Of the 10 single base sequence variations detected in the glycerol-evolved E. coli isolates, eight are nonsynonymous, two are synonymous, and one introduces a premature stop codon. With these mutations identified, one can study their expected biochemical and physiological impact. For a complete list of all mutations refer to Table 1.

Half a dozen distinct single point mutations and a 9-bp insertion were identified in the structural gene for glycerol kinase (glpK). Interestingly, we observed that each of these amino acid substitutions could affect the binding of the allosteric regulator Fructose-1,6-bisphosphate (FBP). Ongoing studies to connect genotype to phenotype include the cloning and biochemical characterization of these mutants. Initial experiments and results are discussed in the next section. Interestingly, different clones derived from the same parental ancestor exhibited the same optimal growth phenotype (Ibarra et al. 2002), although these strains were found to be genotypically different, which clearly demonstrates the heterogeneity of the end population (G1).

Mutation G739T in σ factor 38 introduces a premature stop codon. σ factor 38 is a general stress response factor in E. coli controlling a regulon of at least 30 genes, which are expressed during starvation and at transition into stationary phase (Bjedov et al. 2003; Wei et al. 2000).

A synonymous substitution in the gene aldB changes the codon for proline from ccc to cca. The codon ccc is classified as a rare codon for proline in E. coli, but the abundances of tRNA species cognate to these codons are similar. Proline residues have been implicated in limiting the rate of protein folding due to energy barriers in cis/trans isomerization (Eisenmesser et al. 2002). However, such effects have yet to be determined in the context of codon change and adaptive evolution.

Another mutation was identified in the fourth base pair after the stop codon for threonine dehydratase activator, tdcR, and its effects are unknown.

Mutator genes that can potentially confer an increased rate of mutation in evolving populations were found to be identical to the wild type. This confirms that the observed mutations are a consequence of adaptation rather than an elevated mutation rate due to compromised fidelity in replication and DNA repair.

Functional analysis of mutation G692A in glycerol kinase

In order to assess the metabolic impact of the discovered mutations (Table 1) on the process of adaptive evolution, we focused on one of the mutations as an example for functional analysis.

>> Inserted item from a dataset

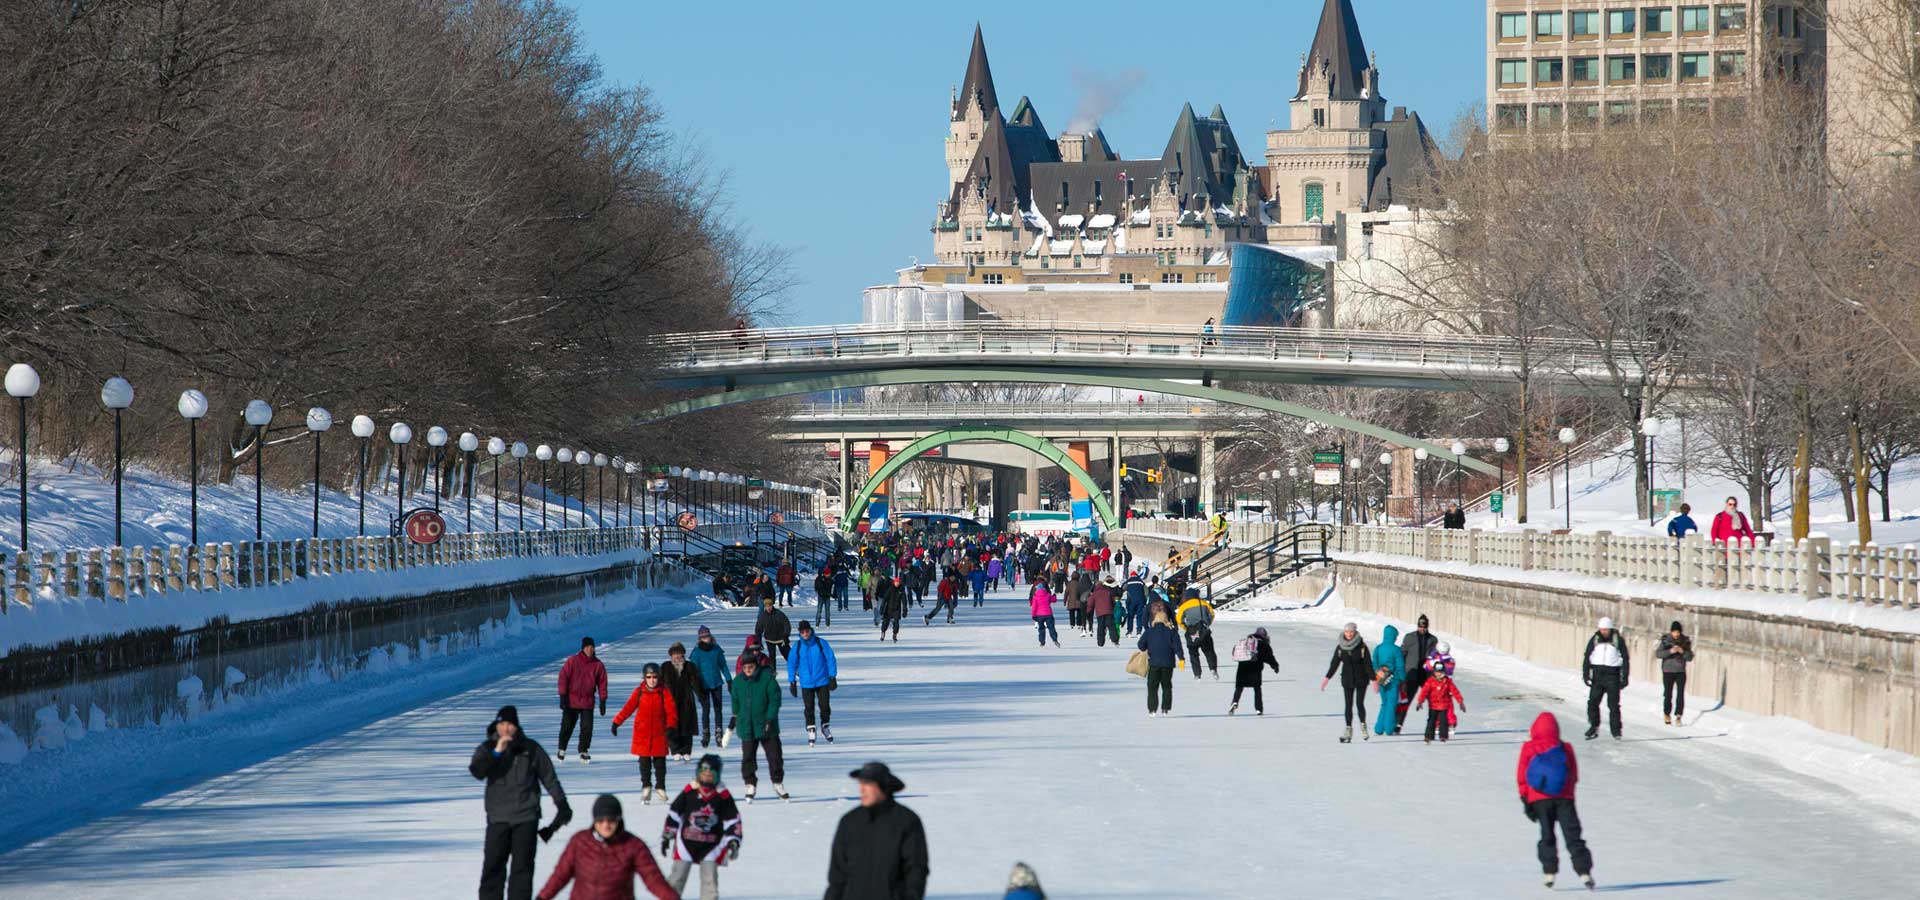 #Canada - An Overview And #Travel #FrizeMedia #DigitalMarketing - Ottawa

Among all resequenced strains, mutations were most frequently detected in the glycerol kinase gene. The most prevalent mutation present in almost every resequenced strain was the nonsynonymous substitution G692A resulting in replacement of a glycine with an aspartate, G232D. This transition mutation was detected in a walker loop (AA 230–236; motif: GxxGxGKT/S) (Ormo et al. 1998), a conserved motif involved in Fructose-1,6-bisphosphate (FBP) binding in ATP-binding proteins.

The wild-type glycerol kinase and its variant (G692A) were cloned and kinetically characterized. Kinetic assays for the corresponding G282D amino acid variant of the protein show an increase in glycerol kinase activity (Fig. 5A) and a simultaneous increase in tolerance toward the inhibitor FBP (Fig. 5B).

Figure 5.
Enzyme kinetics of the glycerol kinase variant (G692A, Gly232Asp) of E. coli G1-A in comparison to the wild-type enzyme (wt). Enzyme activities were determined as a decrease in absorbance at 340 nm monitoring ADP release by coupling pyruvate kinase and ...

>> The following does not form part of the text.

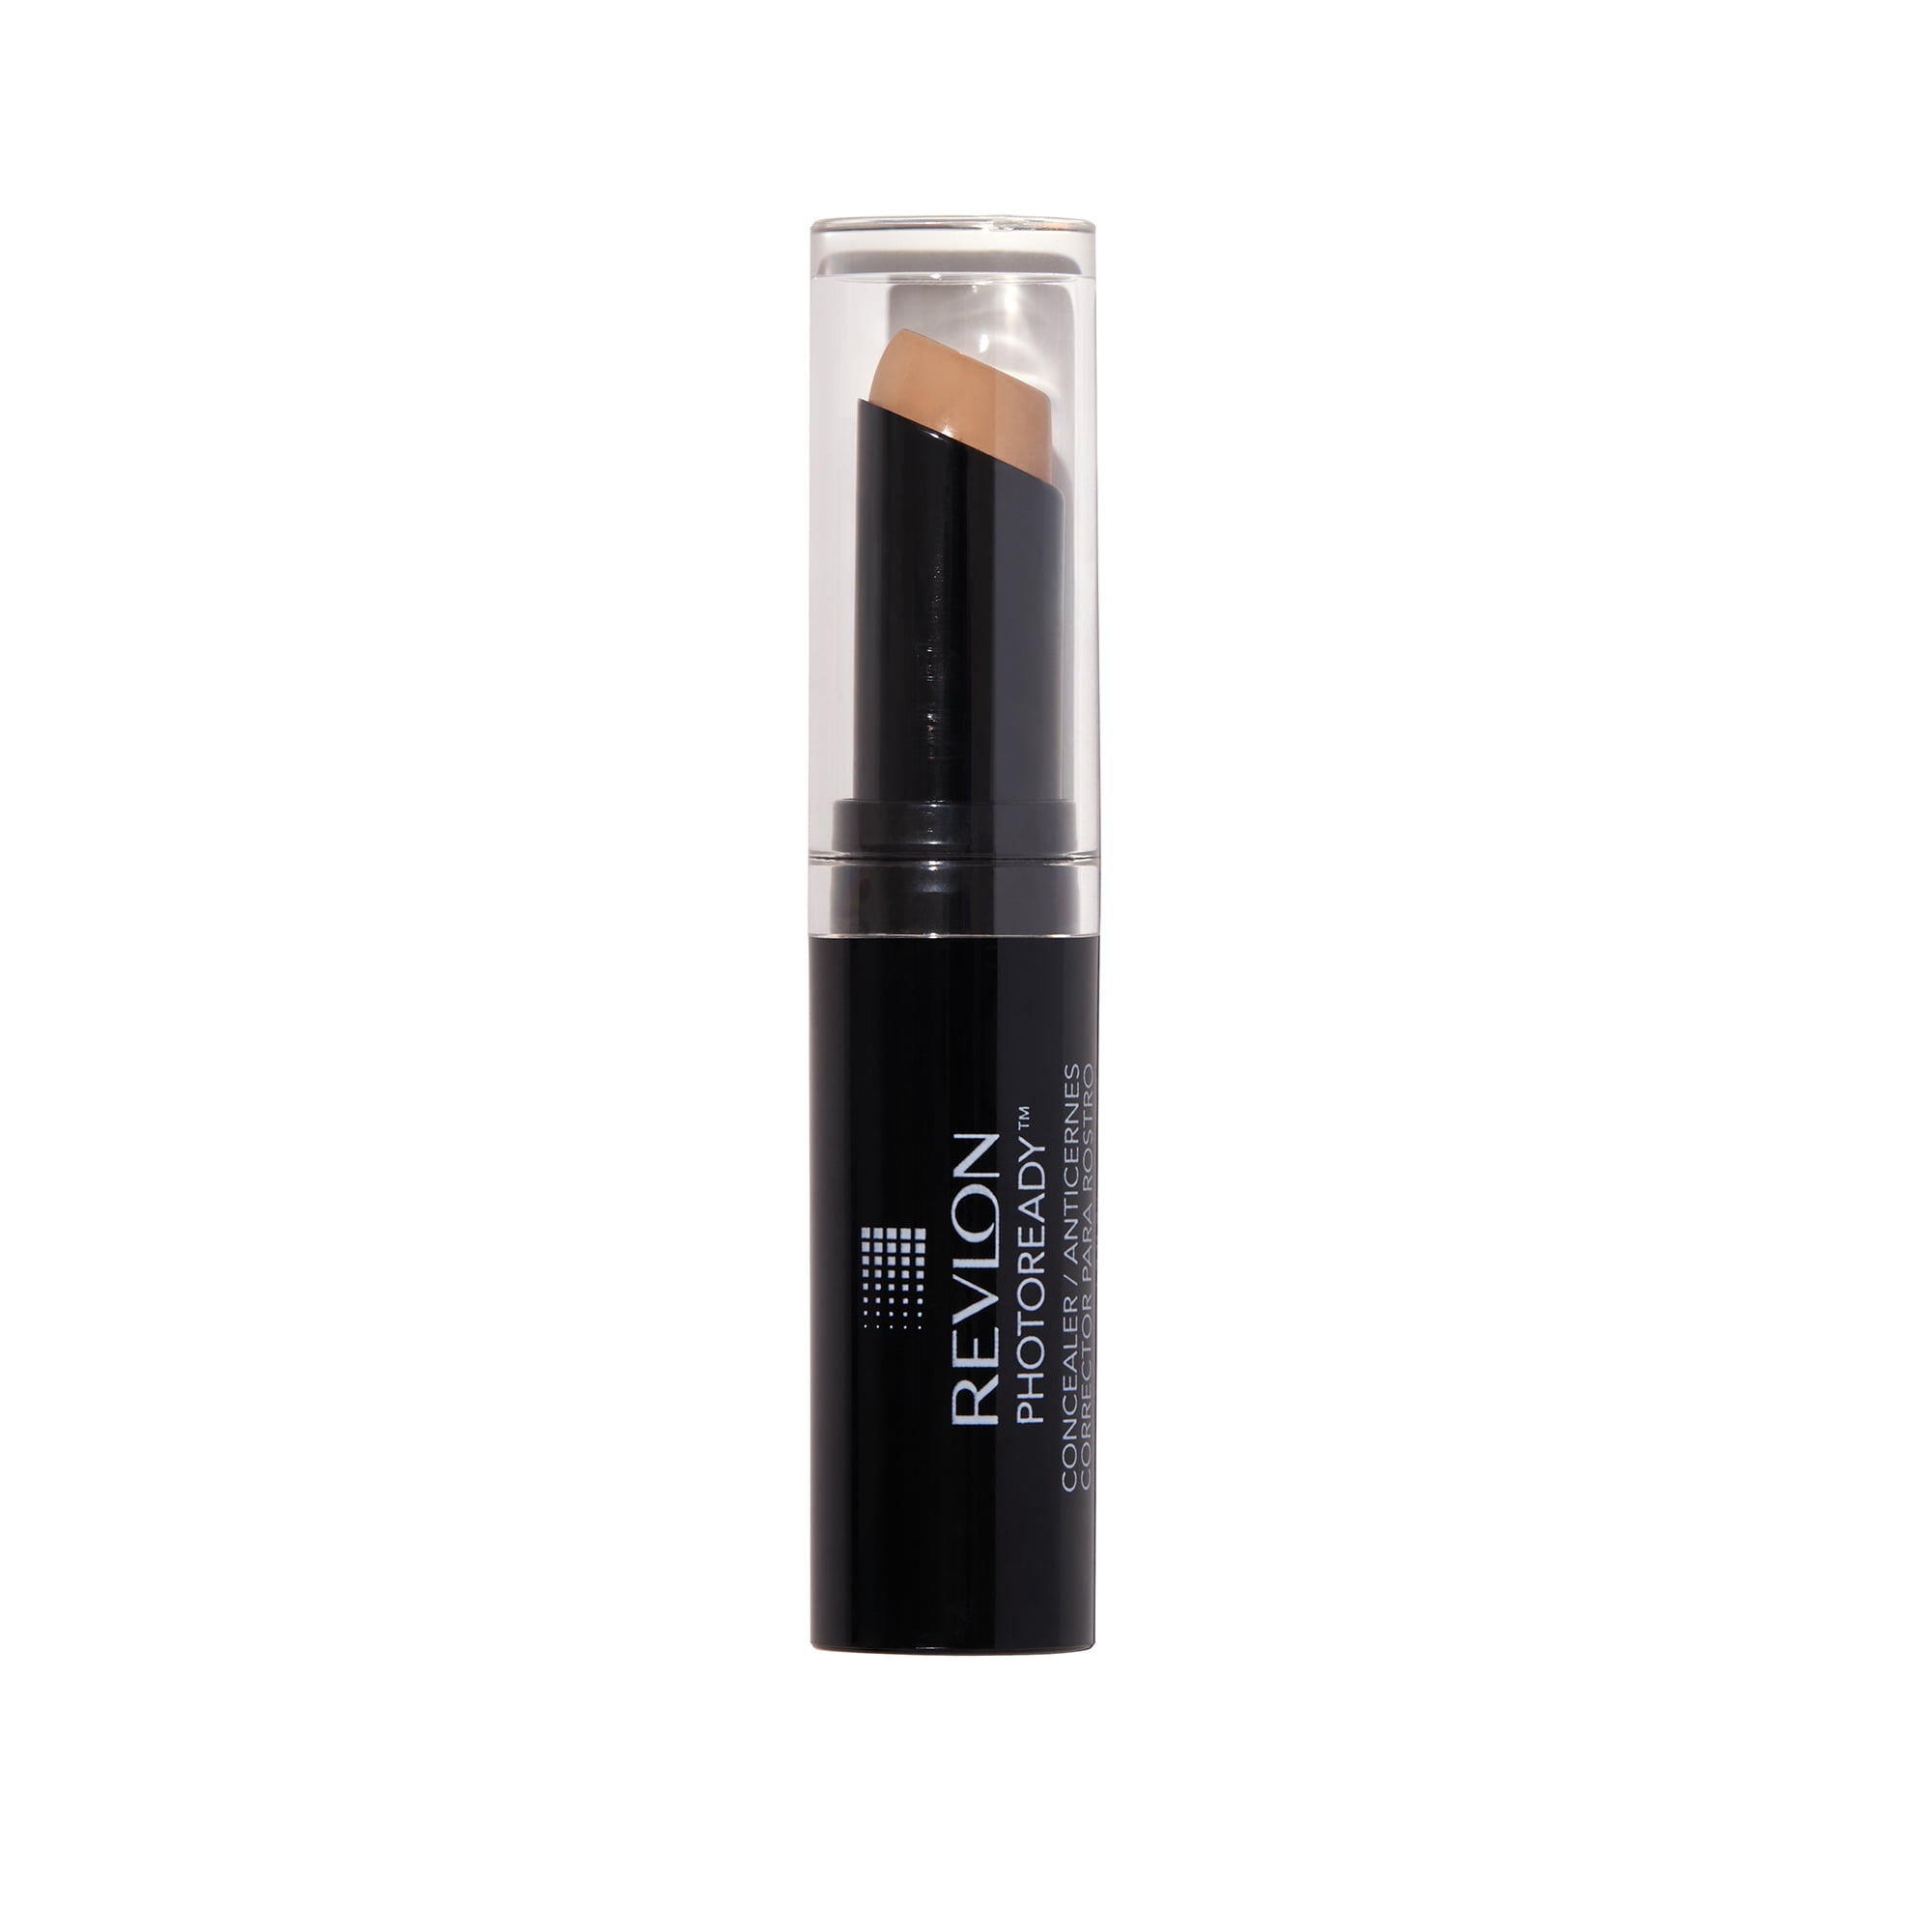 Revlon PhotoReady Concealer Stick, Creamy Medium Coverage Color Correcting Face Makeup, 005 Medium Deep, 0.11 oz

For assessment of enzyme activity, we used an assay format that couples the conversion of glycerol to glycerolphosphate with a pyruvate kinase/lactate dehydrogenase system. In this assay, one unit of the enzyme is defined as the amount that will convert 1.0 μmol of glycerol and ATP to L-α-glycerophosphate and ADP per minute at pH 9.8 at 25°C in a coupled system with pyruvate kinase/lactate dehydrogenase. The activity of the enzyme increased from 0.14 U/mL per mg protein for wild type to 1.9 U/mL per mg protein for the G282D recombinant enzyme. This calculates to a 12-fold increase in enzyme activity.

FBP is a known allosteric inhibitor of glycerol kinase. Since the intracellular concentration of FBP in E. coli has been estimated to be ∼1.7 mM, we tested the inhibitory activity of FBP close to the physiological concentration at 2 mM. 2 mM FBP decreased the activity of the wild-type enzyme by 12%. However, the decrease was only 7.6% in the case of the mutant enzyme. This corresponds to a 33% decrease in inhibition by FBP compared to the wild-type enzyme. Figure 5 summarizes enzyme activities in the presence and absence of FBP of the wild-type and mutant (G232D) recombinant glycerol kinase.

The activity of glycerol kinase is known to be a rate-limiting step in E. coli glycerol metabolism. It has been found earlier that increased enzyme activity, generated, for example, through FBP resistance, leads to increased glyceraldehydes-3-phosphate (G-3-P) formation, which subsequently can lead to the death of the cells (Zwaig et al. 1970). For our model of adaptive evolution, this indicates that the improved growth rates on glycerol are achieved while maintaining stringent control of the intracellular levels of G-3-P below those that affect growth and glycerol metabolism. Several further control mechanisms might contribute to this. FBP can prevent glycerol utilization at the level of enzyme catalysis and also at the level of enzyme synthesis (through interference with formation of the inducer G-3-P). A mutant strain less susceptible to the inhibition by FBP would thus grow faster on glycerol as the sole source of carbon and energy than the wild-type parent. Along with the increased activity of the enzyme, this reduced inhibition by FBP is probably an important factor that also contributes to increased growth rates (from 0.22 h-1 to 0.55 h-1) (Ibarra et al. 2002) in the E. coli strains evolved on glycerol. Site-directed mutagenesis and reverse mutagenesis will have to be performed to provide more insights into the effect of these mutations on the overall phenotype.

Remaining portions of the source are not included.